Рогатые копья всегда благоволили роду Оркса. Когда еще мальчиком Брагода попытался метнуть ногой такое копье, то даже не сдвинул его. Брагода зло пнул оружие и был жестоко наказан своим наставником. Его старый, изрезанный шрамами дядька-пестун сказал тогда:

— Только дурак может отказаться от лишней руки в бою!

Он положил на землю несколько рогатых копий и показал, как нужно метать оружие. Руки его беспрерывно вытягивали дротики из заплечного чехла, а ноги легко поднимали в удар копье за копьем. Орксово воинство, по традиции, вбивало рогатые копья в щиты врагов, чтобы потом, ухватив их за древко, легко выводить противника из равновесия.

Брагода, раскачиваясь в ритуальном танце, ходил вокруг языков пламени, которые уже высоко взметнулись к небу. Танец всегда соединял Брагоду с животворными силами природы, борсек общался с ее духами; его в этот момент словно бы не существовало, а было то, что говорило на одном языке с Огнем и Водой, Землей и Ветром.

Какое-то время Брагода твердил слова заговора и слышал свой голос. Но потом голос растворился в огне Банги, и борсек уже не мог запомнить, какие слова высекали из его головы этот огонь. Сознание Брагоды отдыхало. Власть над ним захватили силы более могущественные и стойкие.

С шумом провалились в прогоревший сушняк мертвые тела. Колючие искры обдали небо взметнувшимся потоком. В самом пекле кострища свершалось великое таинство кремации. Брагода уже видел, как труп побратима скрючивает жаром, и в этот момент в воздух отходит нечто напоминающее шумный выдох. Прощай, Бужата! Уже ничто и никогда не напомнит тебе об этой короткой жизни. Как белотелое облако выпадает на землю дождем, так вернешься и ты, соединись с зачатым младенцем нового поколения Одаровой молоди. Имя твоего рода столь известно, что осело в разных языках. Северные люди называли предка твоего Одаром, в средних землях его именовали мягче — Одарь, а византийцы звали Одарием. Прощай, Бужата!..
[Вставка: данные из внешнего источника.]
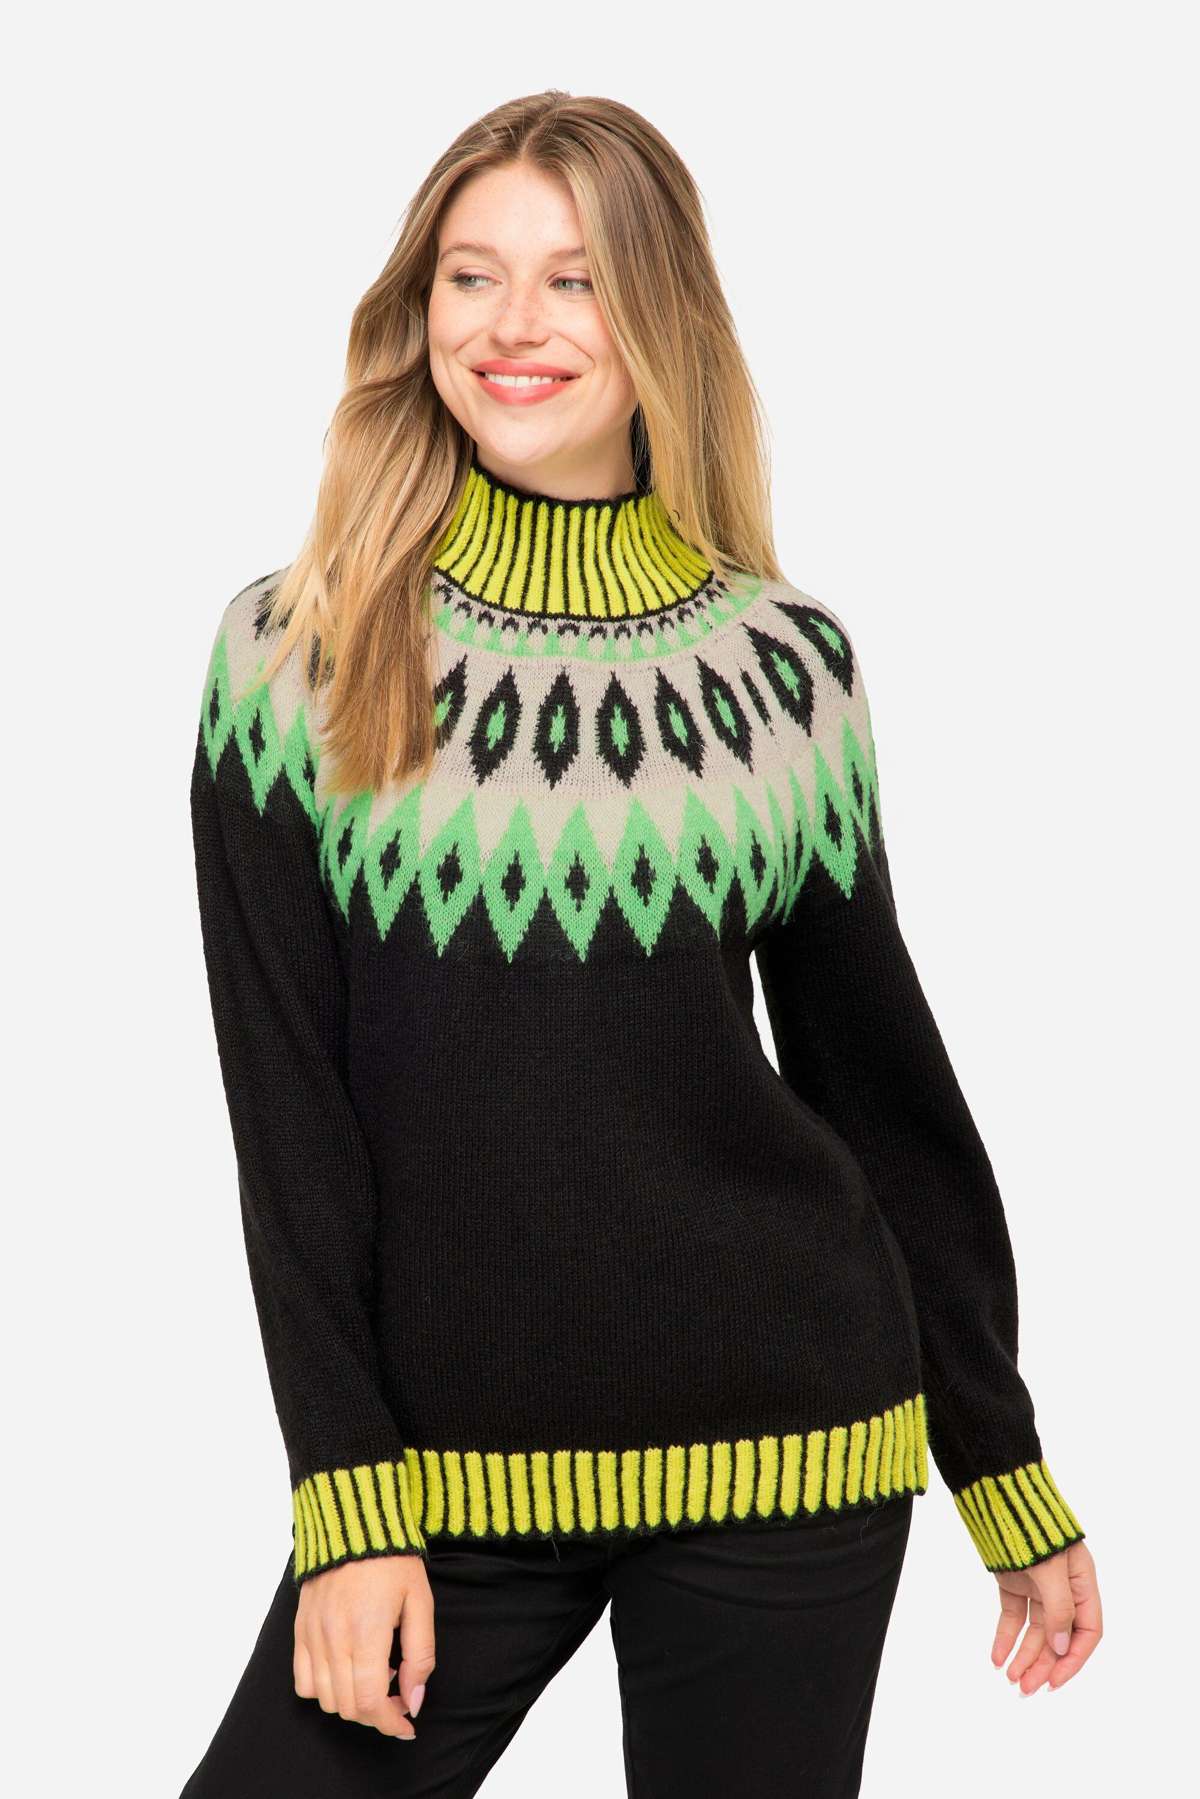 Вязаный свитер, норвежский свитер, содержание шерсти, воротник стойка, длинный рукав.

Соблюдая обряд, воин остался при погребении еще на два дня. Весь следующий день он громоздил насыпь в рыхлый придорожный глинозем и перетаскивая его волоком на своем кожаном плаще. Этот день традиционно связан с шумным пиршеством — стравой. Полные кубки гуляют по рукам, шипя пенной брагой. За словостойным шумом воинство поедает ржаные ковриги, пряную квашню и прочую снедь.

Заезжие греки по недомыслию считают поминальное питие пьянством. Суть этого бражничания, конечно, далека от ублажения веселости и дури. Кубок, в представлении воинства, сроднен с детородным мужским началом, с небесной влагой, низвергающейся на Землю из грозовых туч. Покуда она есть — жизнь беспрерывна, и смерть лишь открывает дорогу новым росткам жизни.

Грядущий день должен был снова перенести борсека в мир духов. На этот раз ему предстояло силой своего воинского обличья отогнать демонов от кургана. На погребениях этот великий обряд называется тризной. Демоны цепки до мертвячины, и человеческие останки, даже захороненные, для них еще одна возможность оборотиться какой-никакой плотью.

* * *

…Спустилась ночь. Еще один день отошел в небытие, соединяя прошедшее с предстоящим. Преодолевая тягостное чувство, Брагода подошел к пожиткам Бужаты. Рано или поздно ему все равно бы пришлось познакомиться с его дорожной сумой.

Оплывали сальные светцы, ведя неравный бой с полумраком. Скоро к Брагоде подсел грек и, опасливо озираясь, принялся всасывать сочную мякоть винных ягод. Потом отломил кусок сухой лепешки, скрошил его в ладонь и ссыпал крошки в рот. Грек заговорил, ни к кому не обращаясь:

— Зачем зря ищете? Научитесь лучше в руках держать, а то уходит от вас ваше, и совсем уйдет. Кто твердо держит, тот себе не ищет снова!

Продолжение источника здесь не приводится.